Verry Octavianus selaku MX Product Marketing Senior Manager Samsung Electronics Indonesia, mengatakan penambahan Galaxy AI Bahasa Indonesia merupakan pencapaian penting bagi Samsung untuk memantapkan posisinya sebagai pemimpin di era AI.

"Kehadiran Bahasa Indonesia pada update ini pun menandai salah satu milestone penting dalam langkah Samsung untuk memimpin era baru AI pada perangkat mobile," ujar Verry di acara Galaxy AI Bahasa Indonesia Luncheon, Senin (29/4/2024).

Bagi kamu yang ingin menambahkan Bahasa Indonesia di Galaxy AI, ikuti langkah-langkah berikut:

  • Usap layar ke atas (swipe up)
  • Ketik Language Pack di kolom Search, pilih Language Packs for Translation
  • Pilih Indonesia
  • Setelah diaktifkan, pengguna bisa memanfaatkan Bahasa Indonesia untuk kebutuhan fungsi penerjemah di beberapa fitur Galaxy AI.

Untuk memaksimalkan fitur-fitur di Galaxy AI Bahasa Indonesia, Tekno Liputan6.com memberikan beberapa tips yang bisa kamu ikuti. Simak selanjutnya di bawah ini.

Tim Tekno Liputan6.com berkesempatan mengenggam langsung ponsel baru Samsung Galaxy S23 bid yang terdiri dari Galaxy S23, Galaxy S23 Plus, dan Galaxy S23 Ultra. Seperti apa penampilan HP Android baru milik Samsung ini? Simak video singkatnya. C...

* Follow Official WhatsApp Channel Liputan6.com untuk mendapatkan berita-berita terkini dengan mengklik tautan ini.

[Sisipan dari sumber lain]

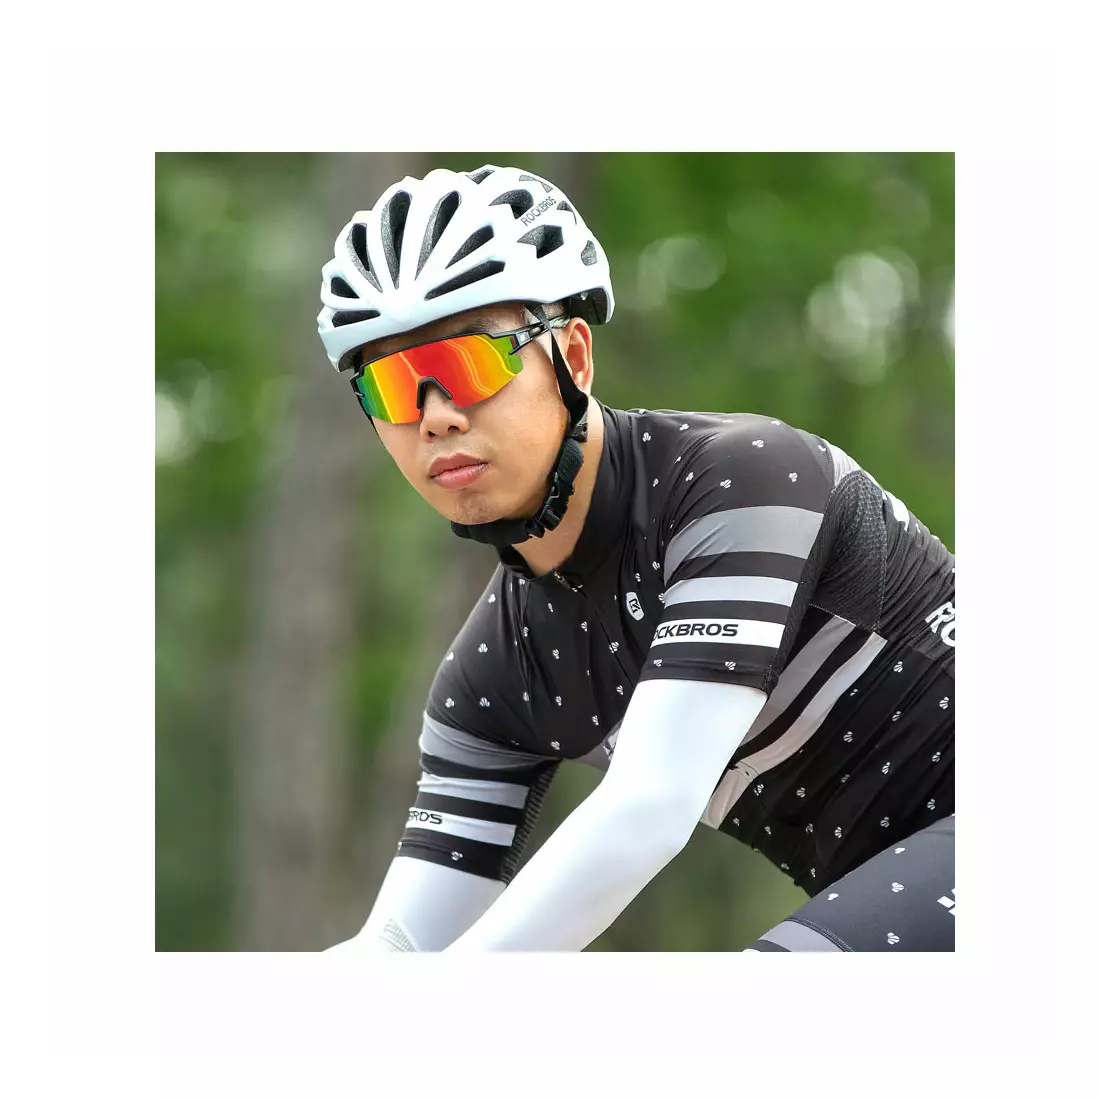 Rockbros 10171 Fahrrad / Sportbrille mit polarisiertem schwarz-grau

1. Pakai Interpreter untuk Berkomunikasi dengan Orang dari Luar Negeri

Ketika berkunjung ke luar negeri, atau sedang berkomunikasi dengan orang asing yang tidak bisa berbahasa Indonesia, biasanya kita akan membuka aplikasi Translate dan mengetik kalimat untuk diterjemahkan ke bahasa yang dipahami.

Tentunya, hal tersebut sangat merepotkan apalagi jika sedang terburu-buru. Namun, hadirnya Interpreter di Galaxy AI akan memudahkan berkomunikasi antar bahasa.

Layaknya penerjemah dan pemandu wisata pribadi, Galaxy AI kini sudah bisa menerjemahkan percakapan dari 15 bahasa asing langsung ke Bahasa Indonesia.

Tak hanya dapat digunakan untuk berkomunikasi antar bahasa, fitur ini juga dapat dimanfaatkan untuk belajar bahasa asing dengan lebih mudah.

Yang tak kalah menarik, kamu tidak memerlukan koneksi information atau Wi-Fi untuk menggunakan fitur tersebut, karena terjemahan ini langsung terintegrasi langsung di perangkat Galaxy kamu.

Pembaruan bahasa ini juga telah terintegrasi dengan fitur Live Translate yang dapat menerjemahkan bahasa asing melalui sambungan telepon.

Cara menggunakan fitur ini cukup mudah, cukup berbicara dengan menggunakan bahasa sehari-hari, lalu Live Translate akan menerjemahkan bahasa kamu ke bahasa asing secara langsung.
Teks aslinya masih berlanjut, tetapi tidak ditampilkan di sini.